Most foreign founders discover Form 5472 the same way — well after the LLC is formed, the bank account is open, and a few transactions have already moved through it. Sometimes the discovery comes from a CPA. Sometimes it comes from an IRS penalty notice. Either way, the next question is the same:
“What exactly is Form 5472, and why does my single-member LLC have a $25,000 form attached to it?”
This guide is the plain-English answer to what is Form 5472. It is the entry point to the topic — the deeper scenario-specific guides are linked throughout for the situations that need more detail. Optimize Tax LLC works with foreign founders across India, the United Kingdom, the United Arab Emirates, Canada, Germany, Singapore, and Australia on this exact filing.
What Is Form 5472? (The 60-Second Answer)
Form 5472 is an IRS information return used to report transactions between a U.S. business and its foreign owner or other related parties. It applies to 25% foreign-owned U.S. corporations, foreign corporations engaged in a U.S. trade or business, and — most importantly for foreign founders — foreign-owned U.S. single-member LLCs treated as disregarded entities for income tax purposes.
It is not a tax return, and it does not calculate income tax. Its job is disclosure — nothing more, nothing less. The IRS uses Form 5472 to see how money, assets, loans, services, and other value moved between the LLC and its foreign owner during the year.
Important: Most foreign-owned LLCs also need to understand how to file taxes for a foreign-owned LLC, especially when Form 5472 is involved.

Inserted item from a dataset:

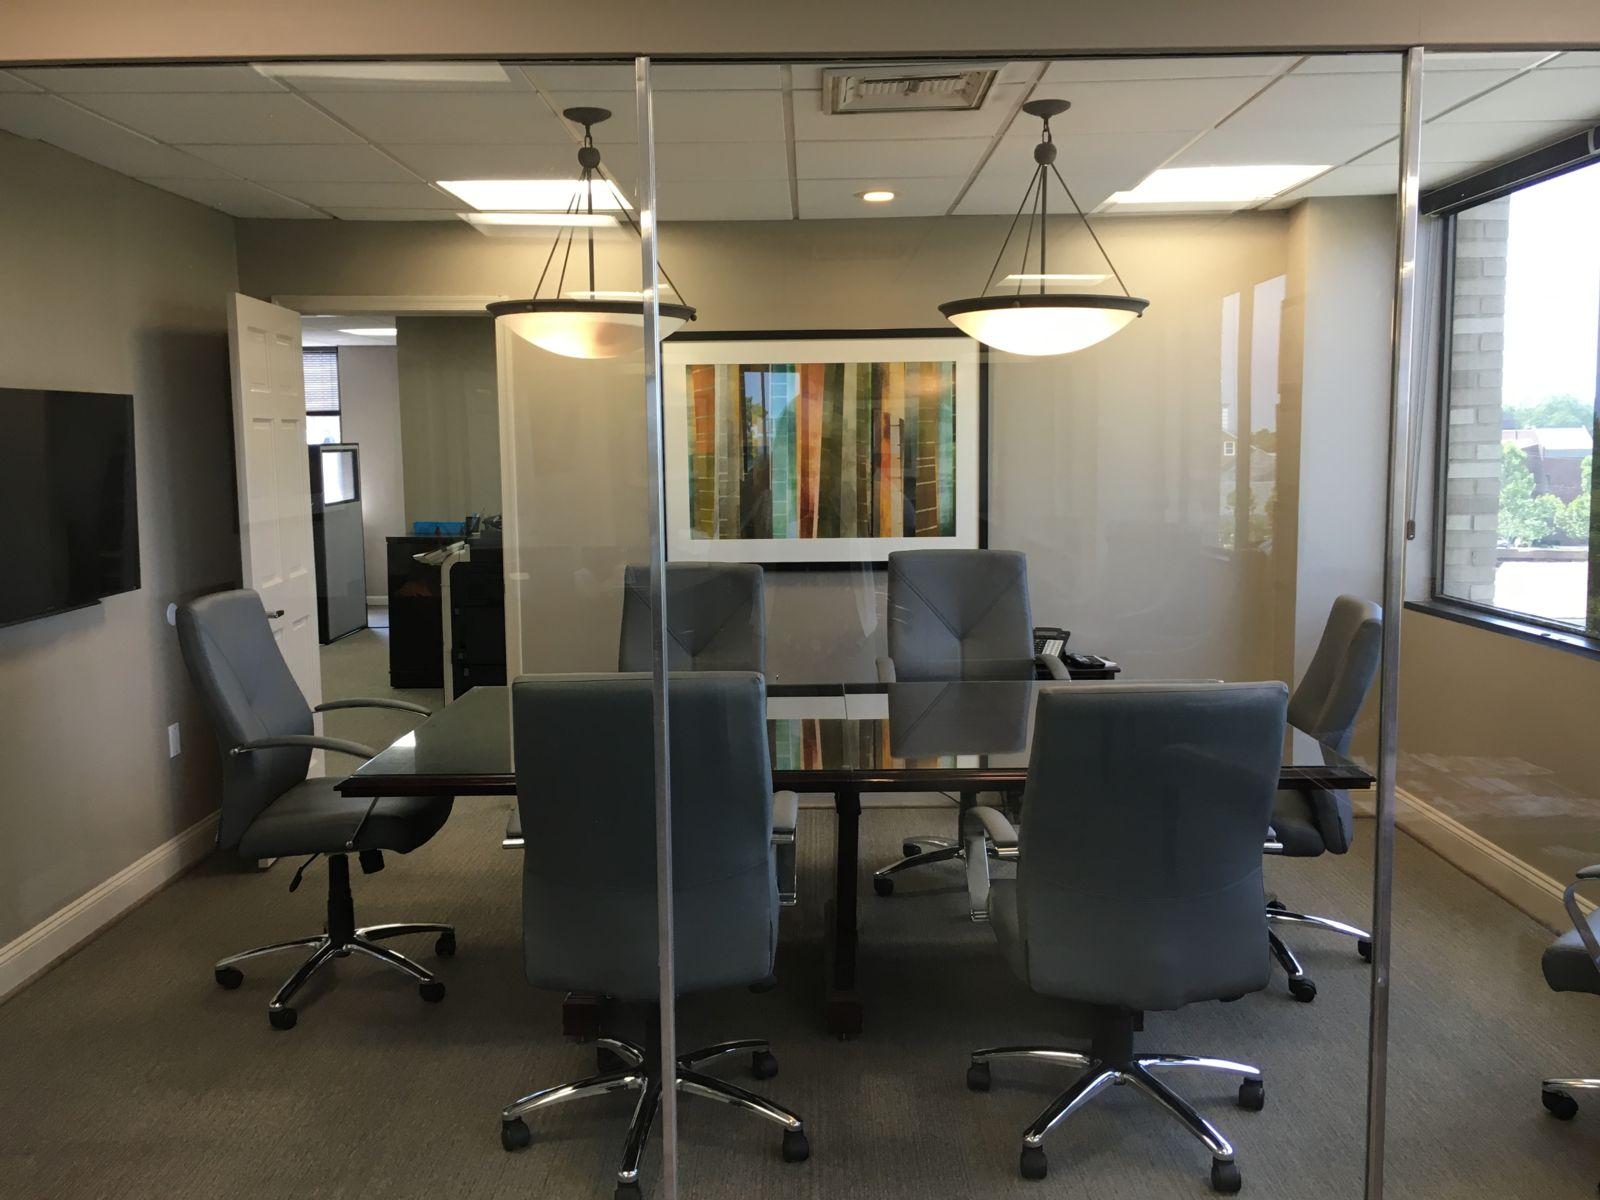 KFFJ Conference Room

A foreign-owned LLC can have zero federal income tax liability and still have a Form 5472 filing obligation. The IRS is not asking what you owe. It is asking what moved.
Why the LLC Structure Triggers This in the First Place
Foreign entrepreneurs choose U.S. LLCs because they are fast to form, flexible, and operationally clean — you can open payment accounts, sign contracts, and run a business without the formalities of a larger corporate entity.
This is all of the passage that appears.